---------- SUPPLIED DATA

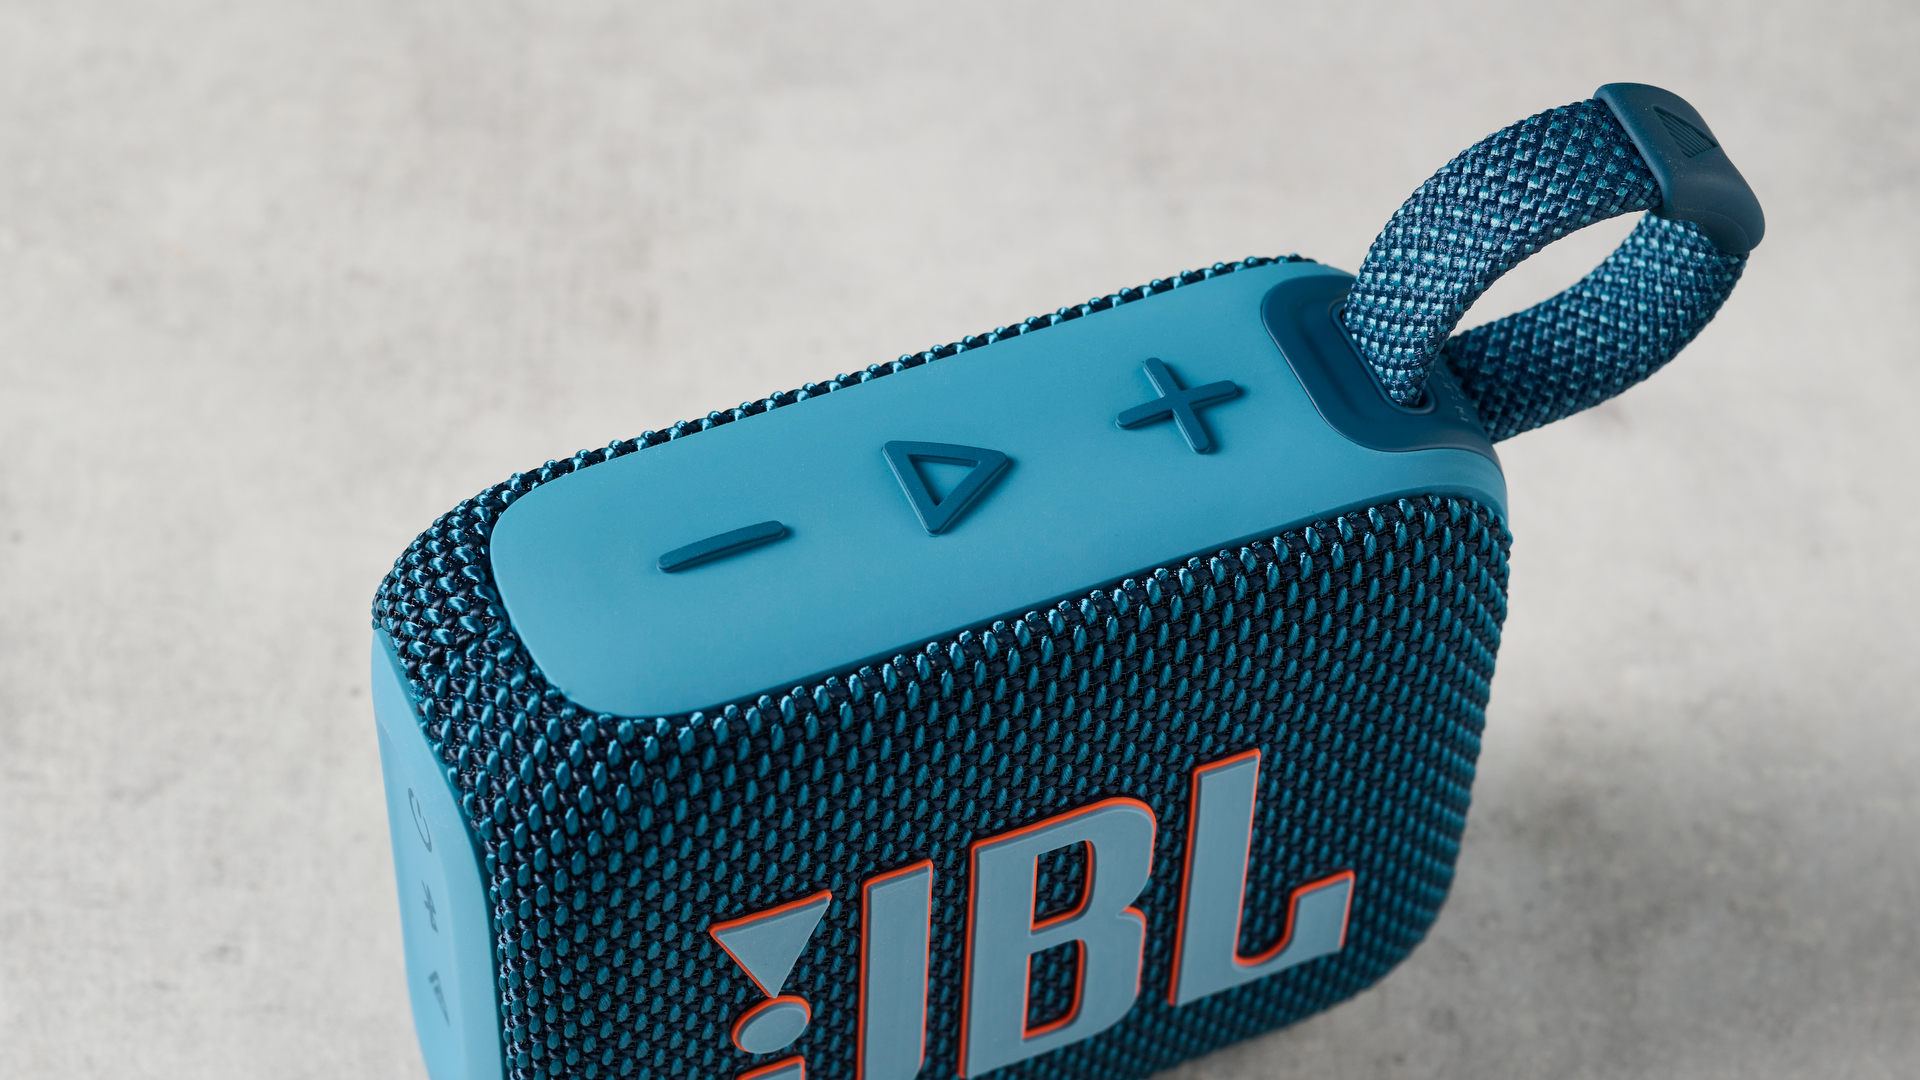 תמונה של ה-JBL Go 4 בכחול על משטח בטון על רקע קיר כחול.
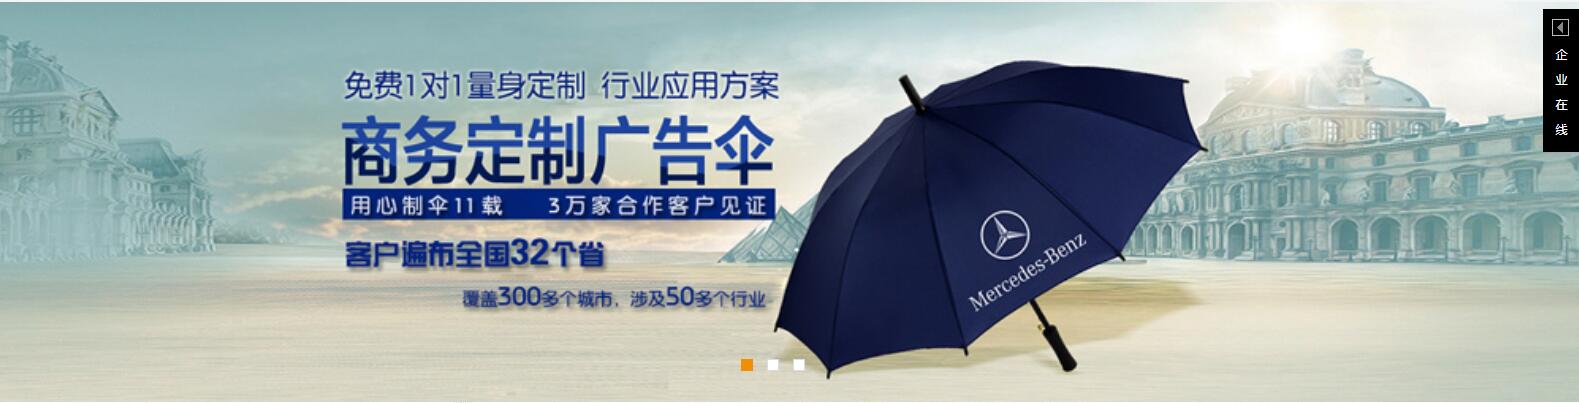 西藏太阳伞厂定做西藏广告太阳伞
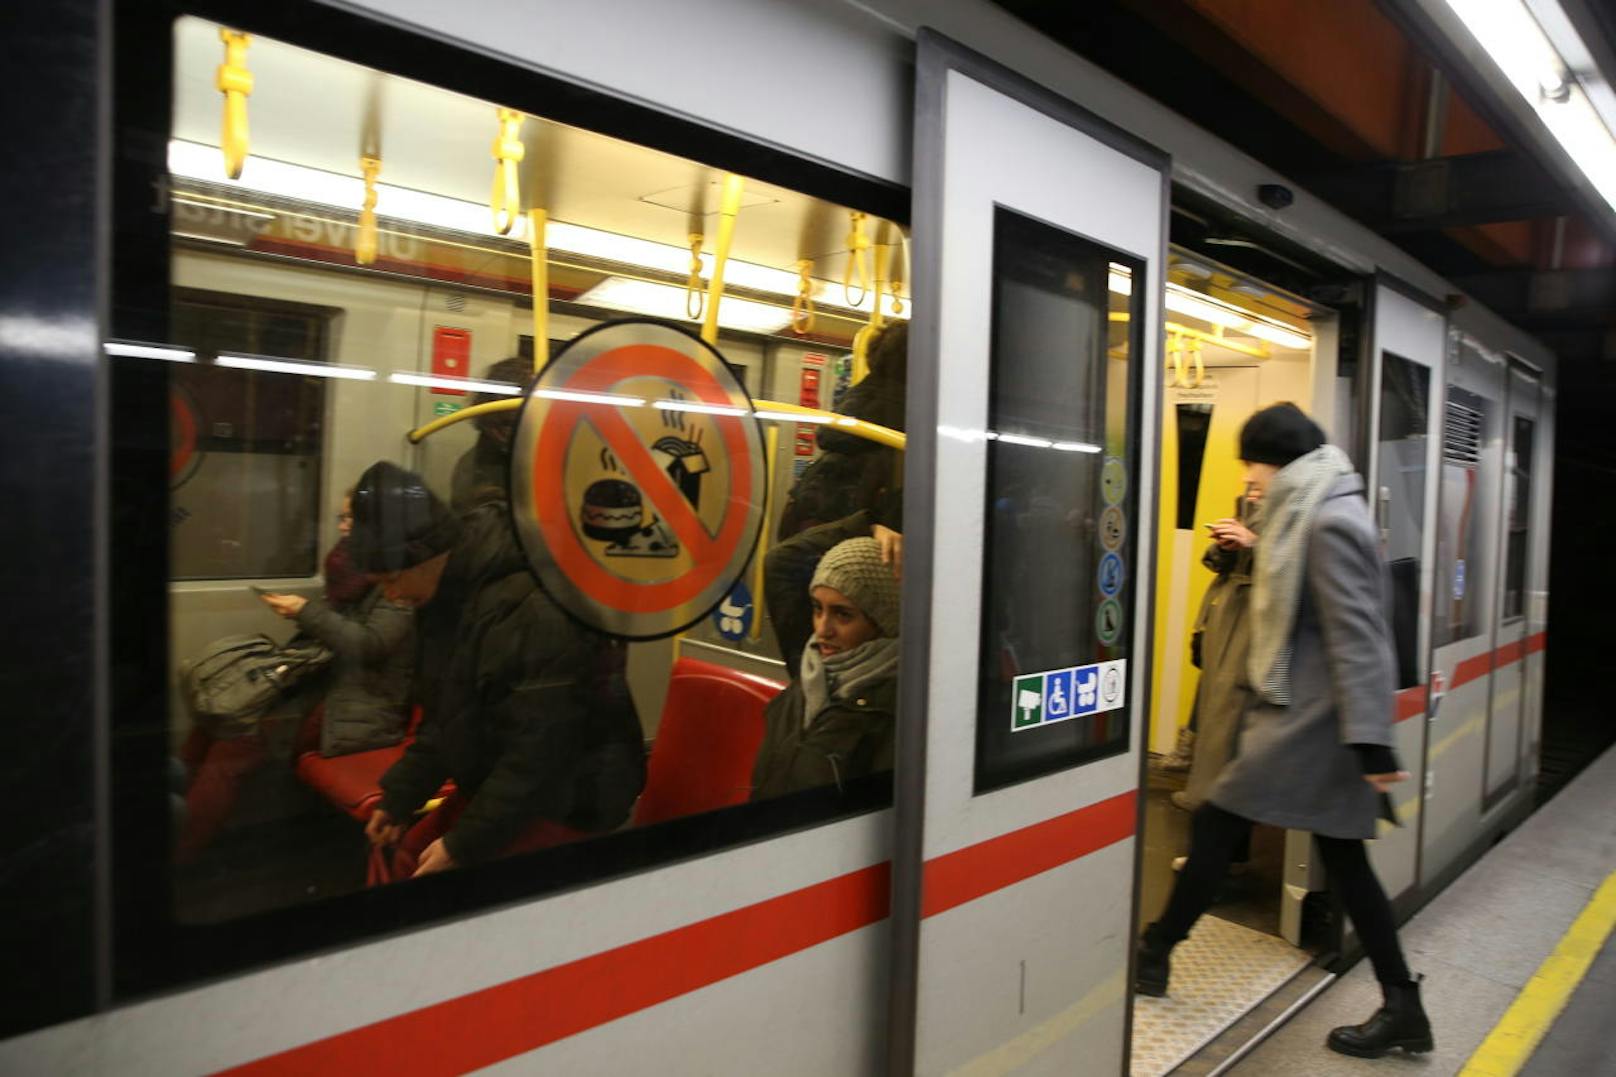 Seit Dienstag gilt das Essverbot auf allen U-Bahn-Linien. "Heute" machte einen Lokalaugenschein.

--------------------
---------- SUPPLIED DATA

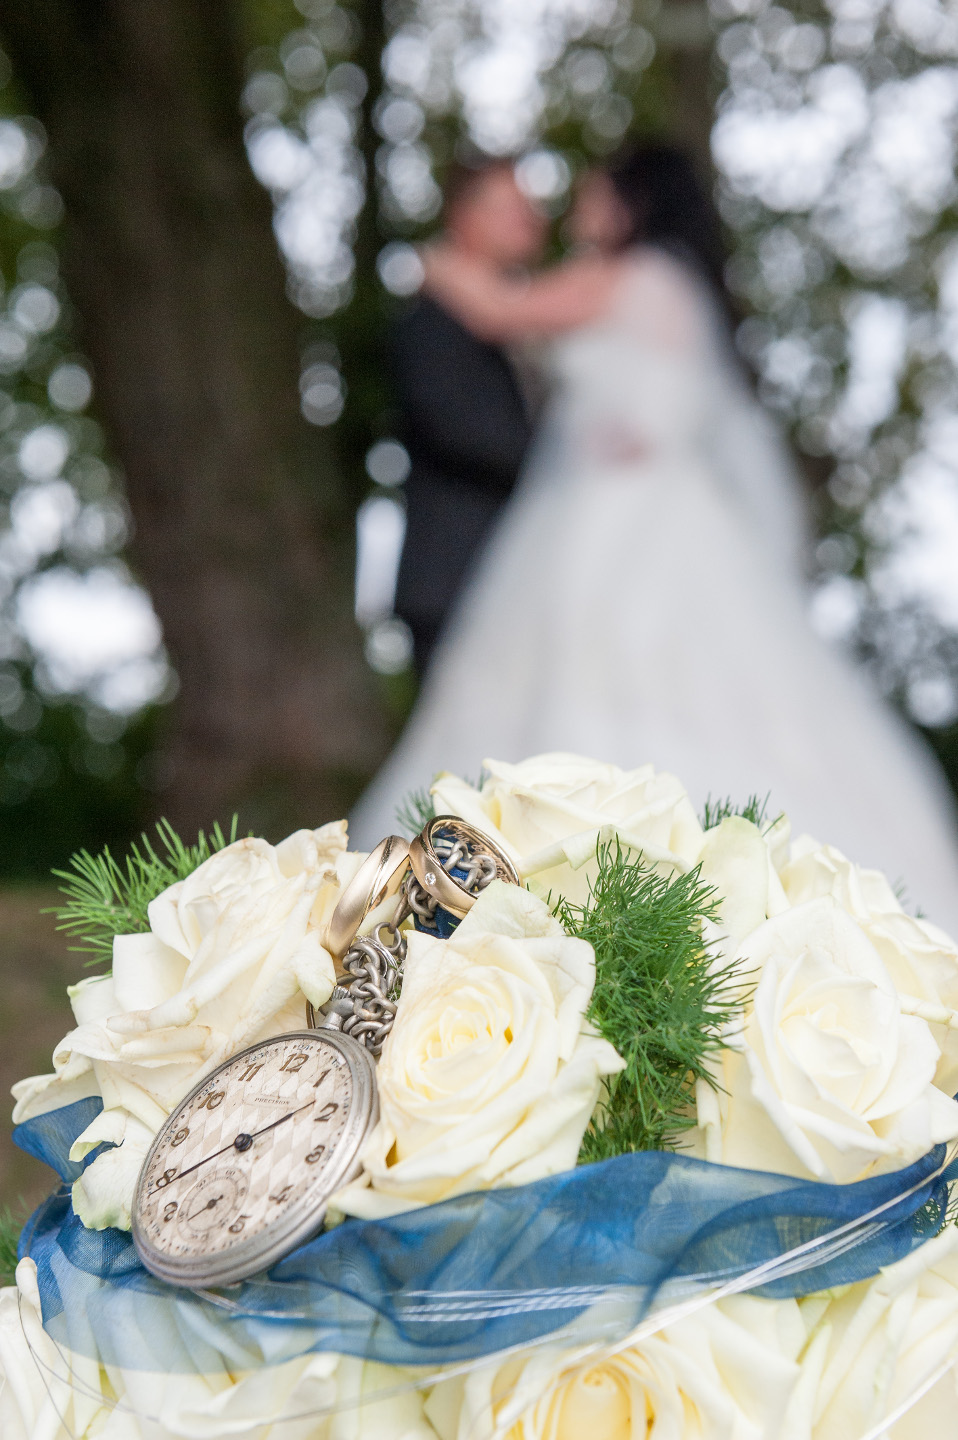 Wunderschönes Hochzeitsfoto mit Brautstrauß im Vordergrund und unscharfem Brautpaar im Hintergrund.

--------------------

### WORK REQUEST
Please transcribe exactly the part of the records that opens with the line containing "西藏太阳伞厂定做西藏广告太阳伞" and closes with the line containing "Seit Dienstag gilt", both ends included, and leave out the pictures.

### OUTPUT FOR THIS EXERCISE
 西藏太阳伞厂定做西藏广告太阳伞
 Seit Dienstag gilt das Essverbot auf allen U-Bahn-Linien. "Heute" machte einen Lokalaugenschein.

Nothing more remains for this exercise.